Die Nationale Armutskonferenz (NAK) hat kurz vor der anstehenden Bundestagswahl deutliche Forderungen nach umfassenden Reformen der sozialen Sicherungssysteme, insbesondere zur Unterstützung von Kindern und Jugendlichen, gestellt. In einem in Berlin veröffentlichten Bericht erklärt die NAK die Armutsbekämpfung zu einem verpflichtenden sozialstaatlichen Ziel, das konkret und sicher finanziert werden müsse. Der Zugang zu sozialen Hilfen soll vereinfacht und entstigmatisiert werden, da über ein Drittel der Berechtigten aus Unwissenheit oder Scham keine Leistungen in Anspruch nimmt.
2022 waren in Deutschland 17,7 Millionen Menschen von Armut oder sozialer Ausgrenzung bedroht. Besonders betroffen sind Alleinlebende, Alleinerziehende sowie Familien mit drei oder mehr Kindern. Frauen stehen dabei noch stärker im Fokus der Armutsgefährdung, vor allem im Alter.
Die NAK setzt in ihrer Kritik auf die Gesundheitsversorgung und den familiären Kontext als zentrale Themen. Die derzeitige Gesundheitsvorsorge orientiere sich zu stark an den Bedürfnissen der Mittelschicht. Neue, leicht zugängliche Gesundheitsangebote in sozialen Brennpunkten sowie ein bundesweiter Dolmetscherdienst könnten hier Abhilfe schaffen. Zudem könnte das Thema Gesundheit in Schulen stärker integriert werden.
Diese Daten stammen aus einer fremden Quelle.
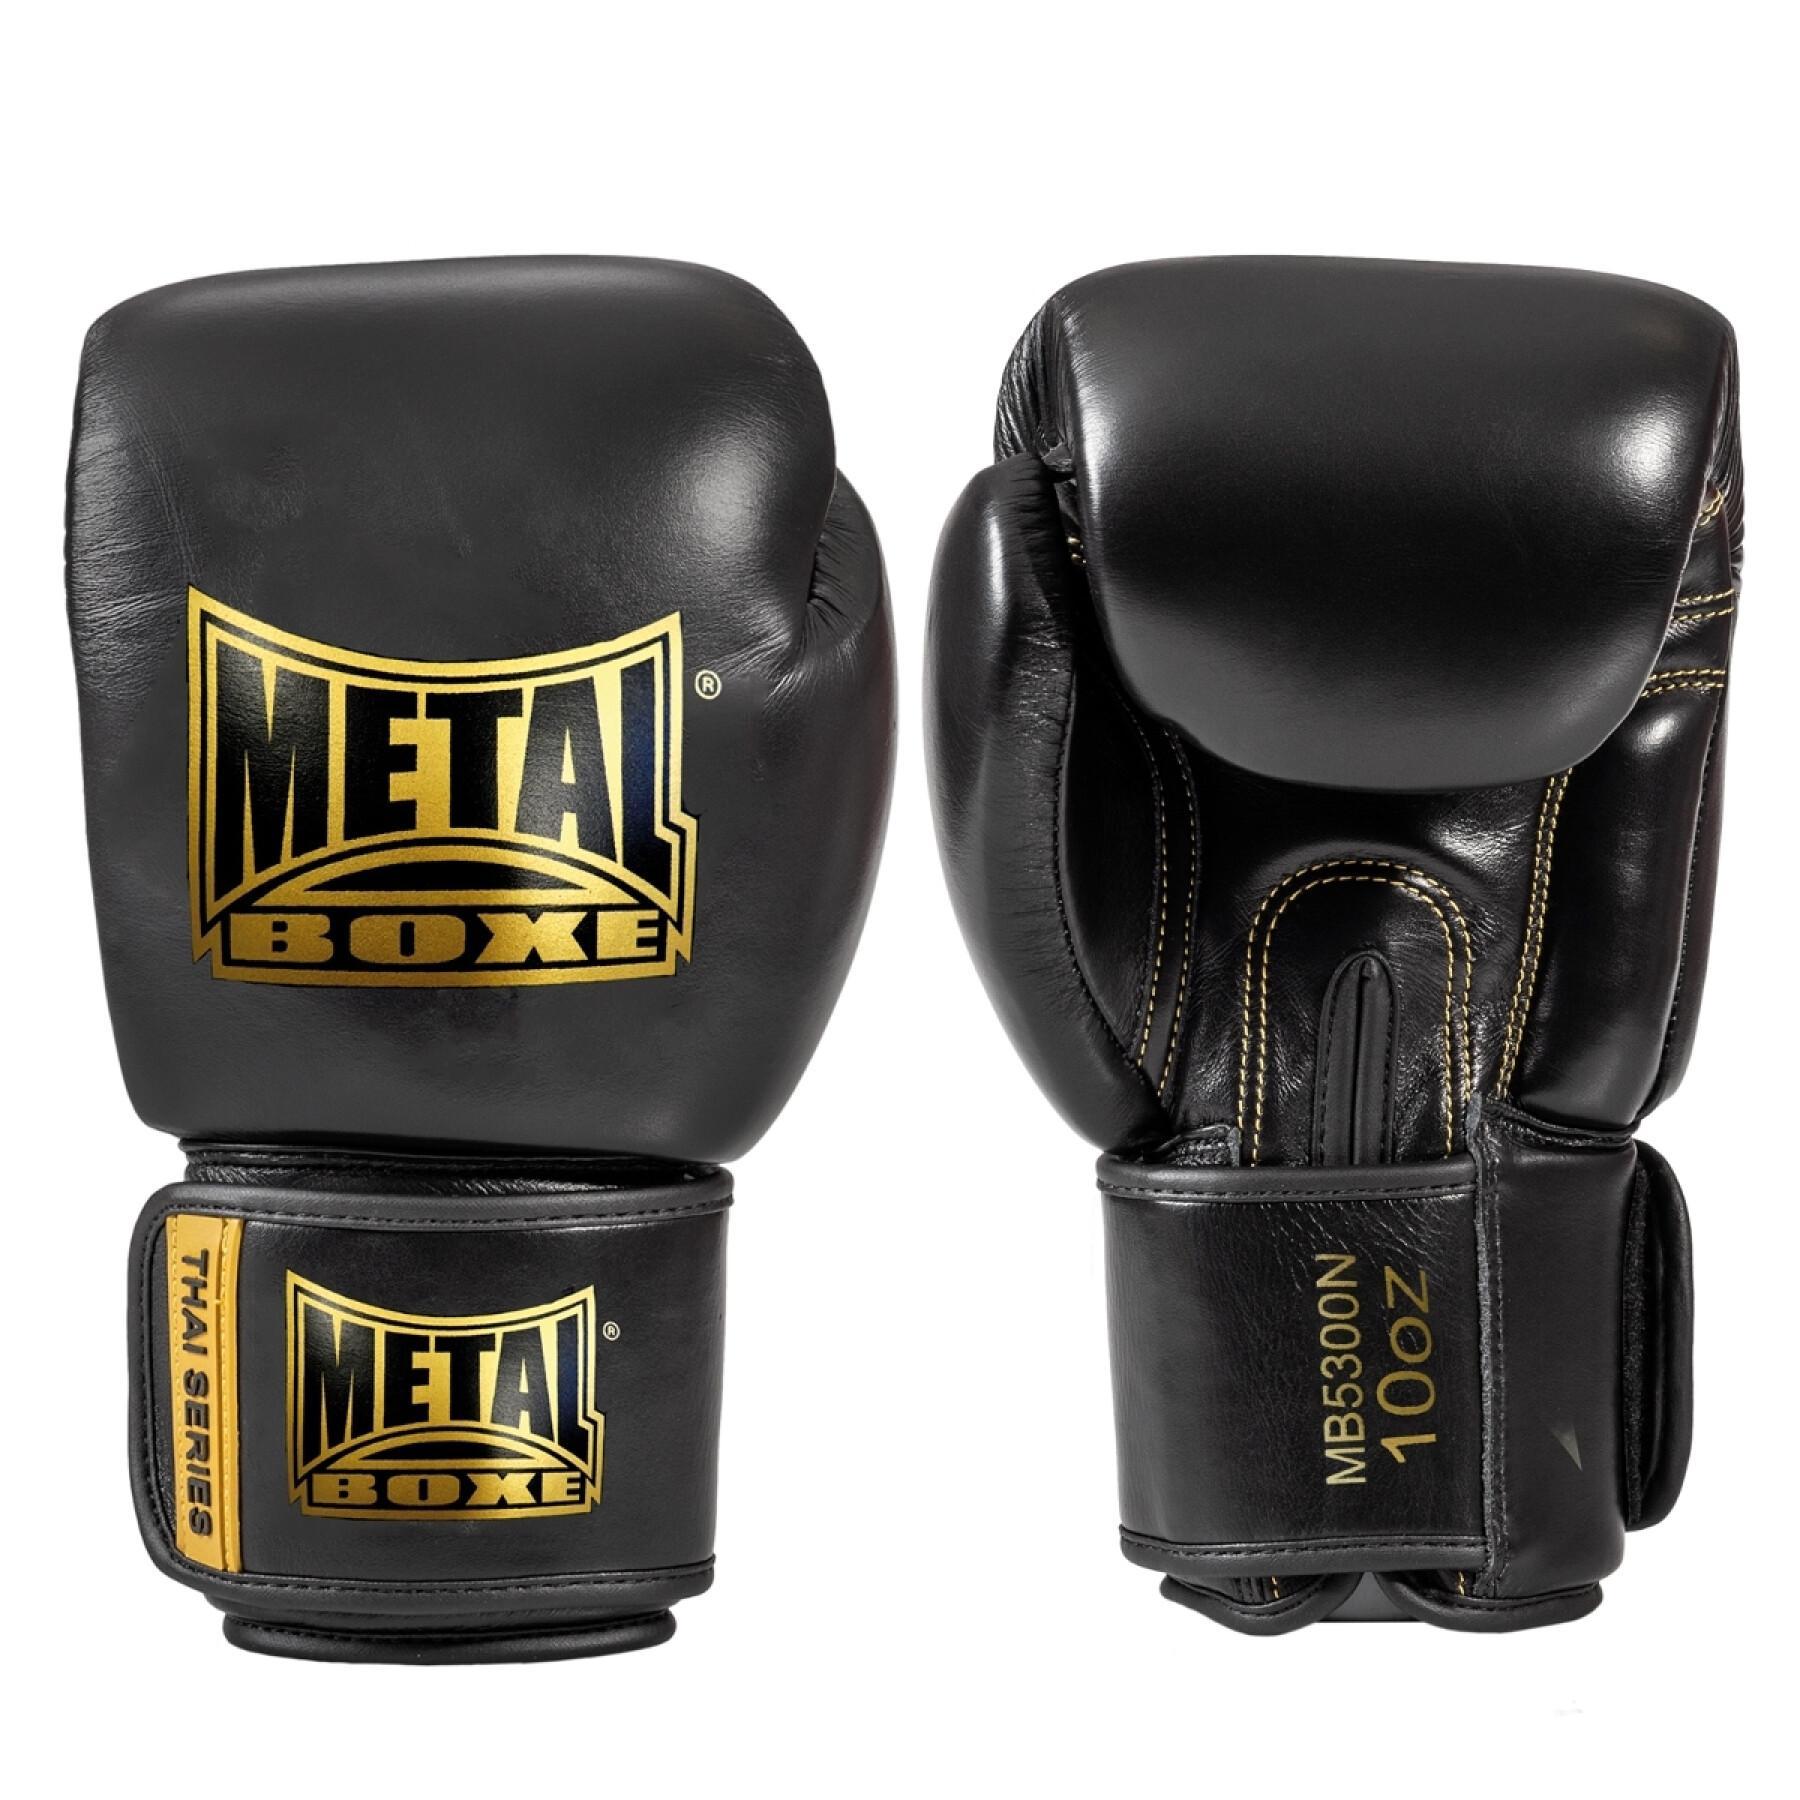 Skórzane rękawice bokserskie Metal Boxe thai series

In Bezug auf Familien fordert die NAK die Einführung einer ausreichend finanzierten Kindergrundsicherung. Diese solle idealerweise alle bislang verfügbaren Leistungen bündeln, um den Zugang für Bedürftige zu erleichtern. Die statistische Armutsgrenze in Deutschland liegt bei einem Einkommen unter 60 Prozent des mittleren Einkommens. 2022 bedeutete dies ein Jahreseinkommen von unter 15.765 Euro für Alleinlebende. 26,4 Prozent der alleinlebenden Personen, 23,7 Prozent der alleinerziehenden Haushalte und 22,7 Prozent der Familien mit drei oder mehr Kindern waren von Armut bedroht.